Once you find the line with "1 x TP Link" in the listing below, set down exactly every line from it through the line with "Red Castle: A", but no pictures.

··· Material supplied

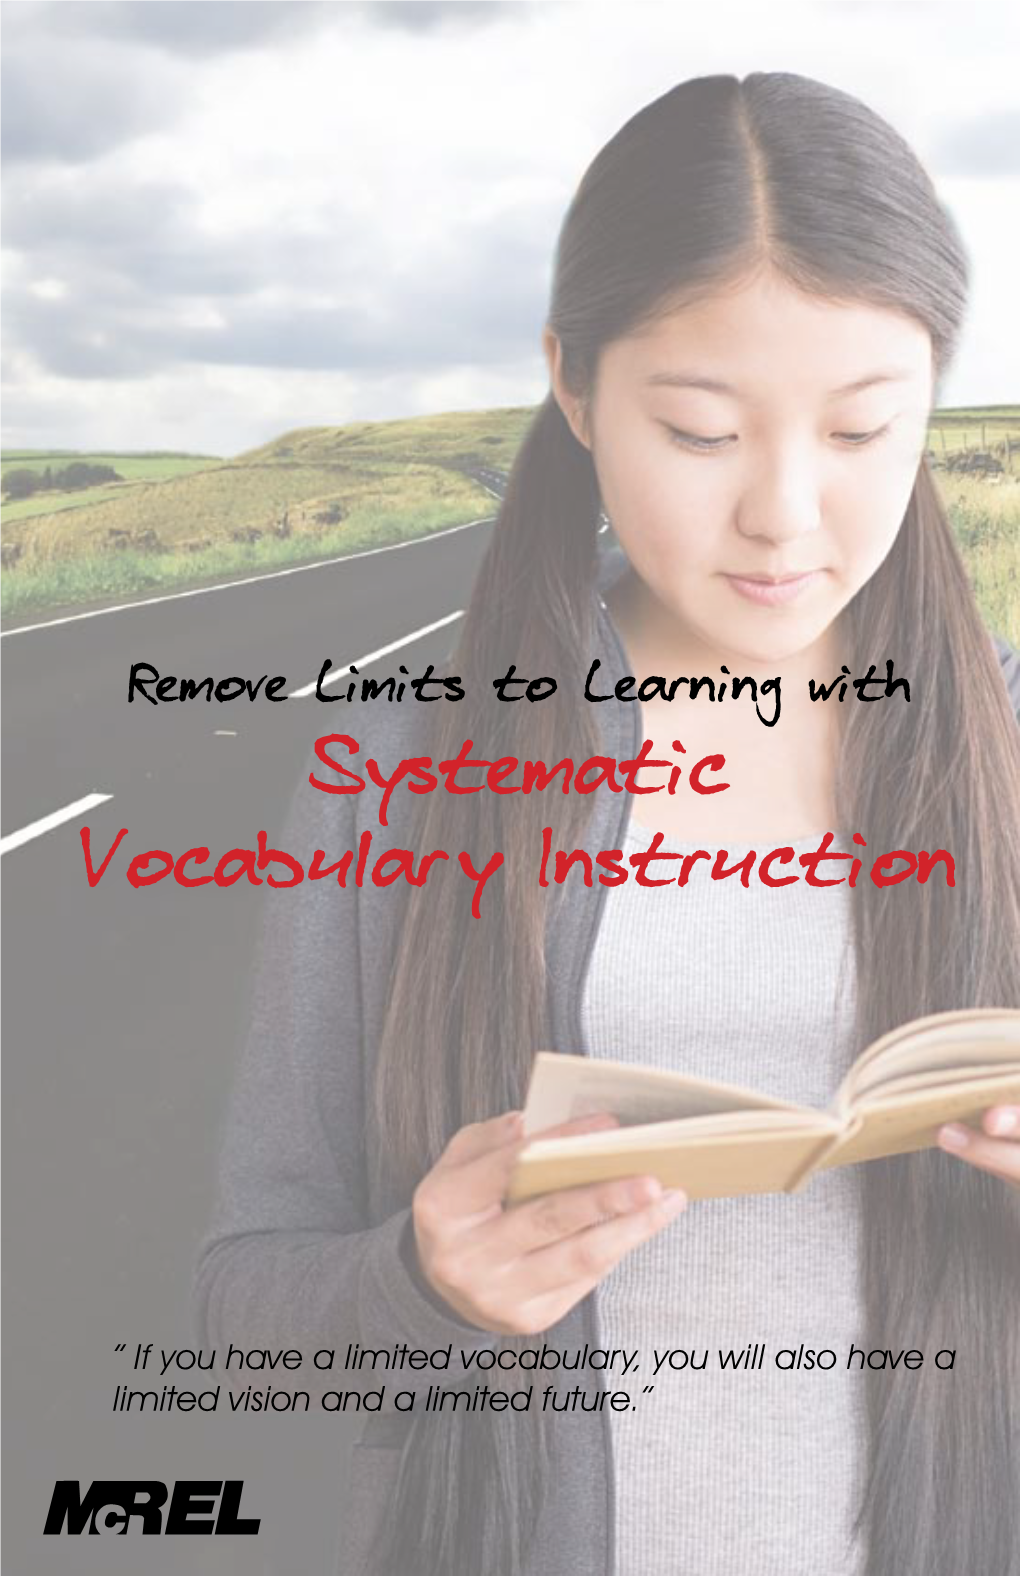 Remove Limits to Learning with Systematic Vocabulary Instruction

······
··· Material supplied

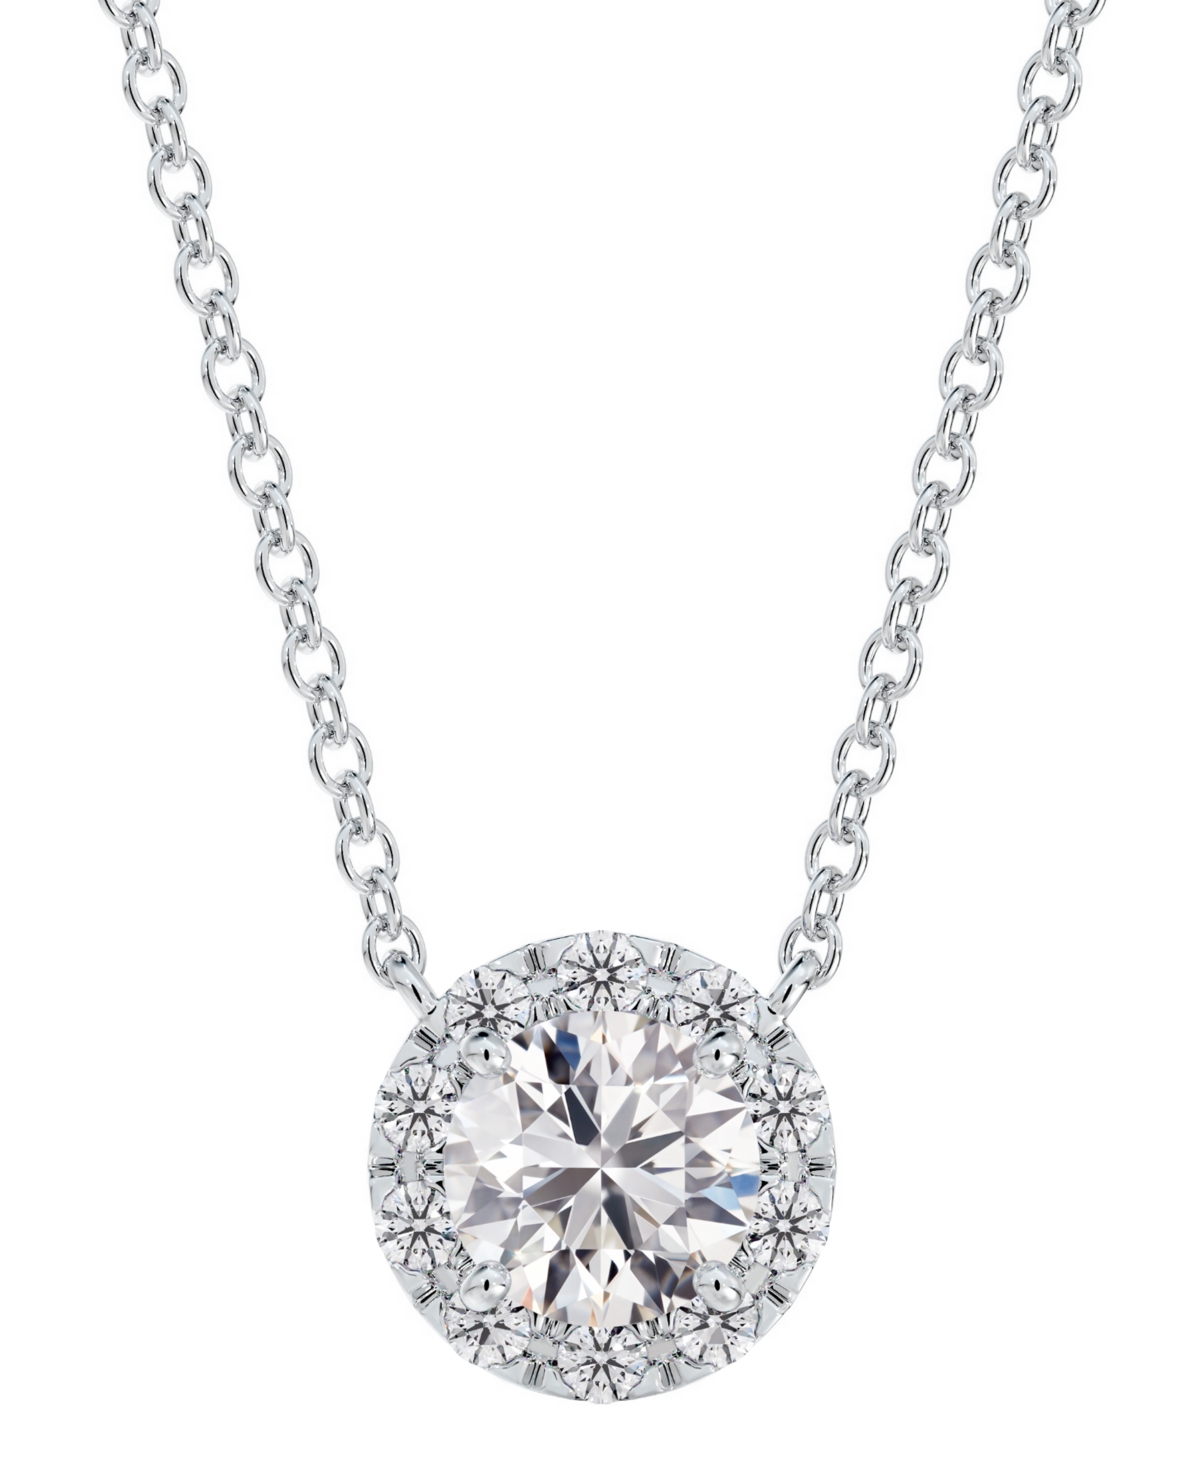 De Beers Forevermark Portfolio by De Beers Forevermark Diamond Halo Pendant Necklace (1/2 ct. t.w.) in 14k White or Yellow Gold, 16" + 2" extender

······
··· Material supplied

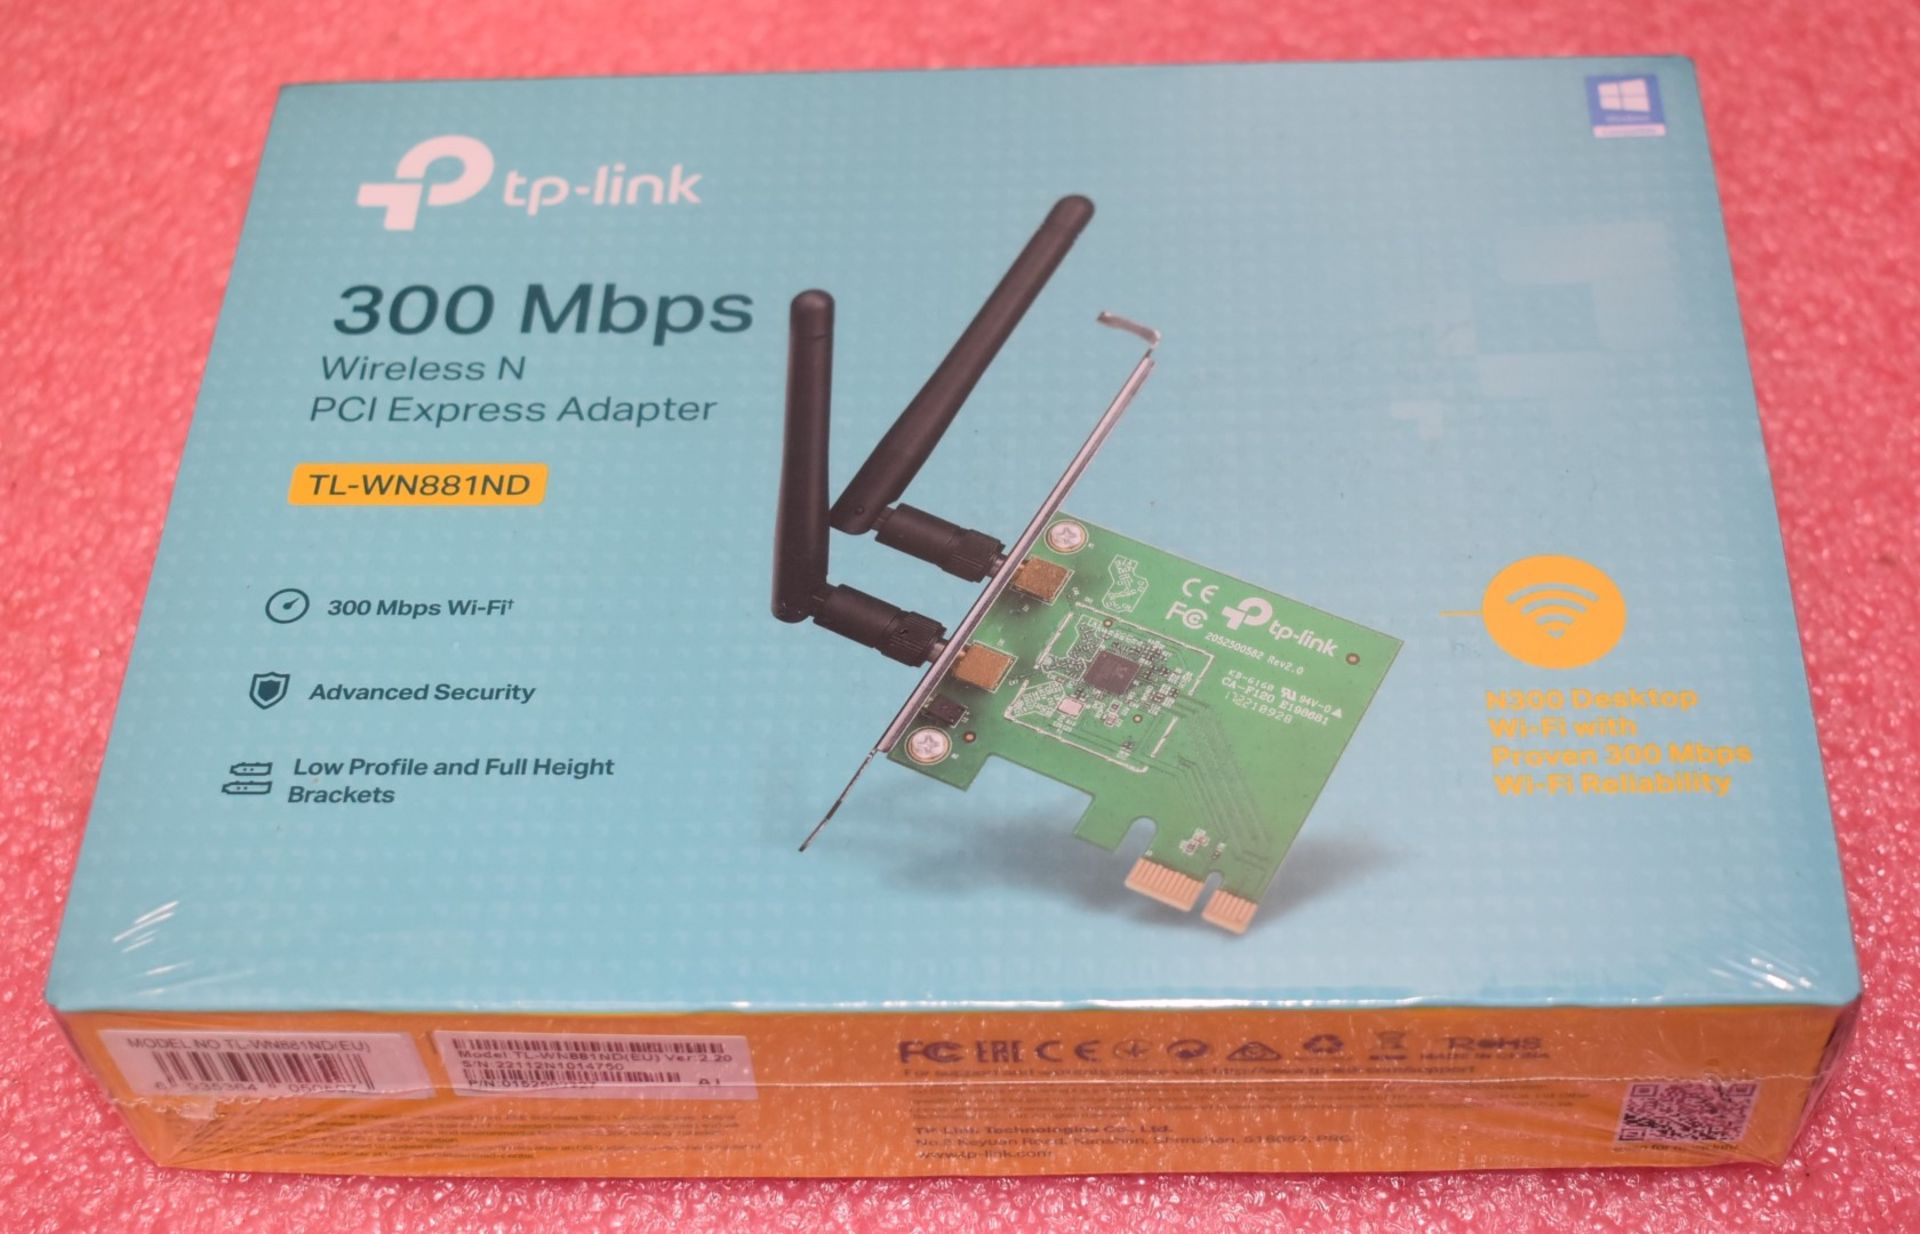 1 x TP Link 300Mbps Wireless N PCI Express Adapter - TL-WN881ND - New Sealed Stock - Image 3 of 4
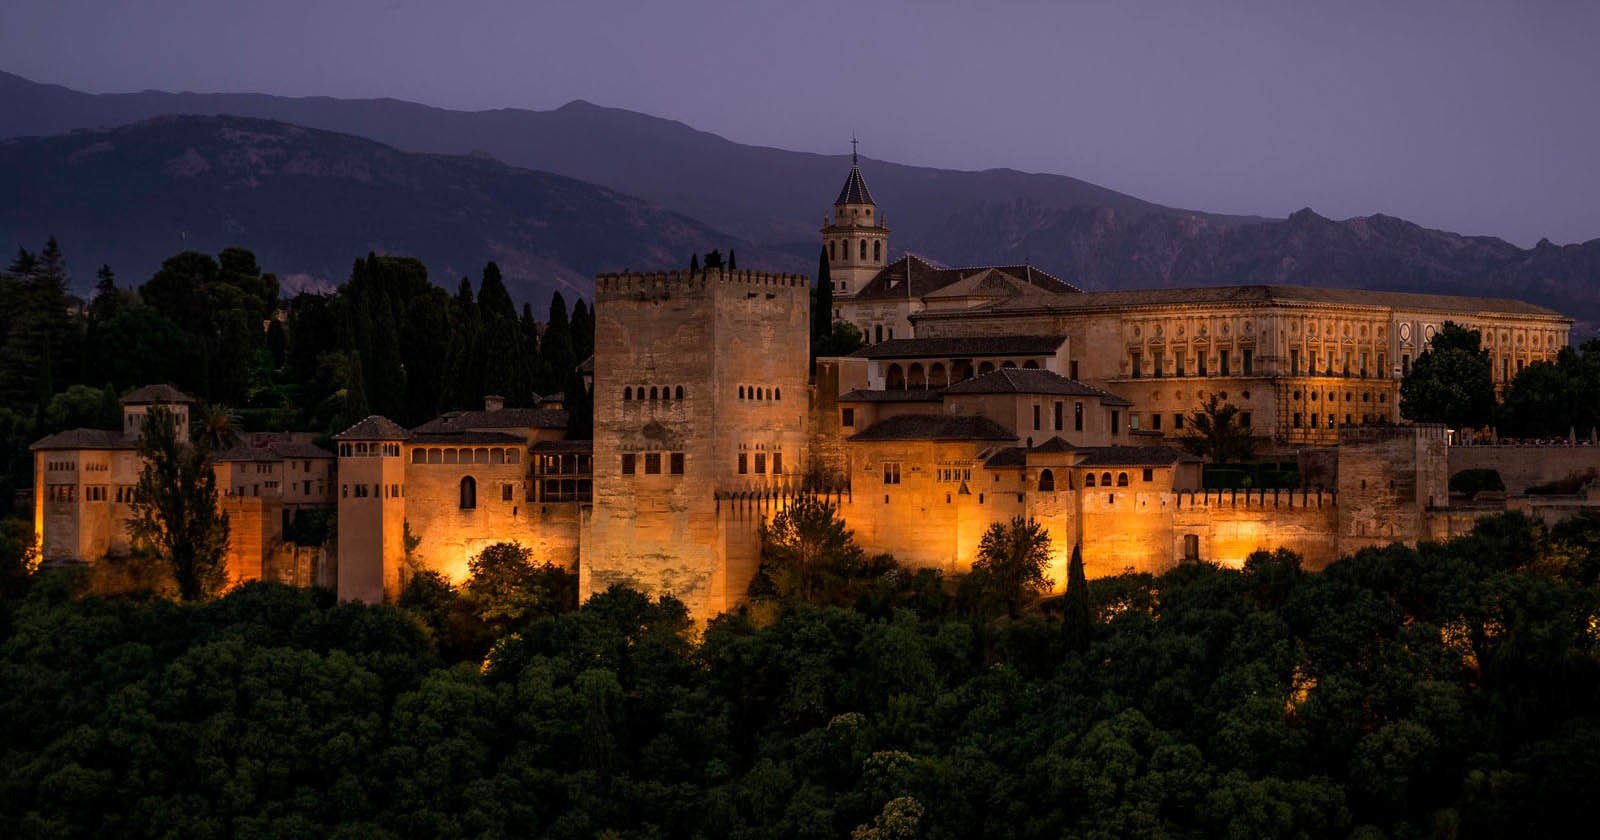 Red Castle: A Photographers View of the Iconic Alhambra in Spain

······

= Result =
 1 x TP Link 300Mbps Wireless N PCI Express Adapter - TL-WN881ND - New Sealed Stock - Image 3 of 4
 Red Castle: A Photographers View of the Iconic Alhambra in Spain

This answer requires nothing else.